Electrodes for Sodium-Ion Batteries with Excellent Rate Performance Using Porous Carbon Networks

Recently, sodium ion batteries (NIBs) gained increasing attention, because of its abundant reserves and relatively even geological distribution. However, the development of NIBs is greatly hampered because of the lack of appropriate active materials for both  cathodes and anodes. Since the Na ion is ca. 55% larger than the Li ion, finding suitable host materials with sufficiently large interstitial space to accommodate sodium ions and to allow reversible and rapid ion insertion and extraction is very difficult. NASICON-type Na₃V₂(PO₄)₃ has recently been considered as a prospective cathode material for NIBs, because of its highly covalent 3D framework crystalline structure, high energy density (~400 Wh/kg) and good thermal stability. For anode materials, disordered carbon is particularly attractive because of their large interlayer distance and disordered structure that could accommodate sodium ions.

Here, we briefly present porous carbon based electrodes for NIBs with excellent rate performance: (1) Carbon-coated nanosized Na₃V₂(PO₄)₃ embedded in the porous carbon matrix (abbreviated as CC-NVP@PCM); (2) Nitrogen-doped activated porous carbon fibers (ACFs); (3)Flexible free-standing porous carbon nanofibers (P-CNFs) with three-dimensional (3D) interconnected structure.

The CC-NVP@PCM was prepared by using a facile soft-chemistry based method with post heat-treatment. It shows high rate performance (44 mAhg^-1at 200C ). This ultrahigh rate performance is comparable to that of supercapacitor, but with much higher energy density.

The ACFs were synthesized by pyrolysis of Ppy nanofiber precursor. It shows excellent capacity retention and extraordinary rate performance. The reversible capacity at 0.05 Ag^-1 is 296 mAhg^-1 and could still maintain as 72 mAg^-1 at a current of 10 Ag^-1.

In case of the P-CNFs electrode prepared by electrospinning, it delivers a reversible capacity of 266 mAh.g^-1 after 100 cycles at 0.2C, corresponding to 80.3 % of the initial charge capacity.
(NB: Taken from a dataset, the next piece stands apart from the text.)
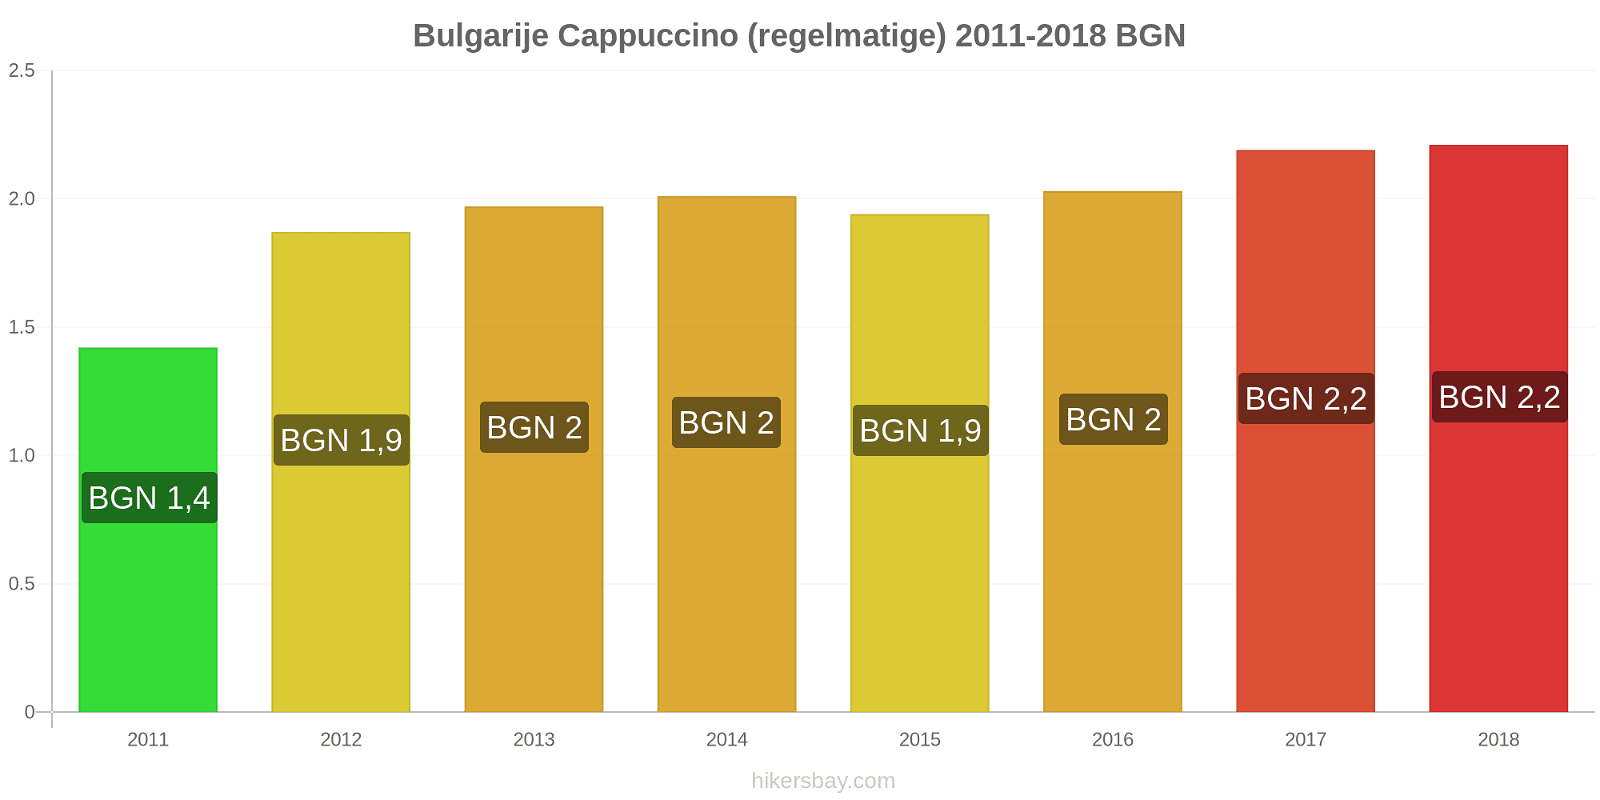 Bulgarije prijswijzigingen Cappuccino (regulier) hikersbay.com

When cycled at a current density as high as 500 mAg^-1 (2C), it still delivers a reversible capacity of ~140 mAh.g^-1after 1000 cycles.

The improvement of electrochemical performance of these porous carbon based electrodes for NIBs is attributed to the special design and porous structure, which confined a variety of advantages: hierarchical porous channels enabling short transport length for ions and electrons, carbon coated structure resulting in low resistances, good mechanical properties leading to the excellent morphology stability.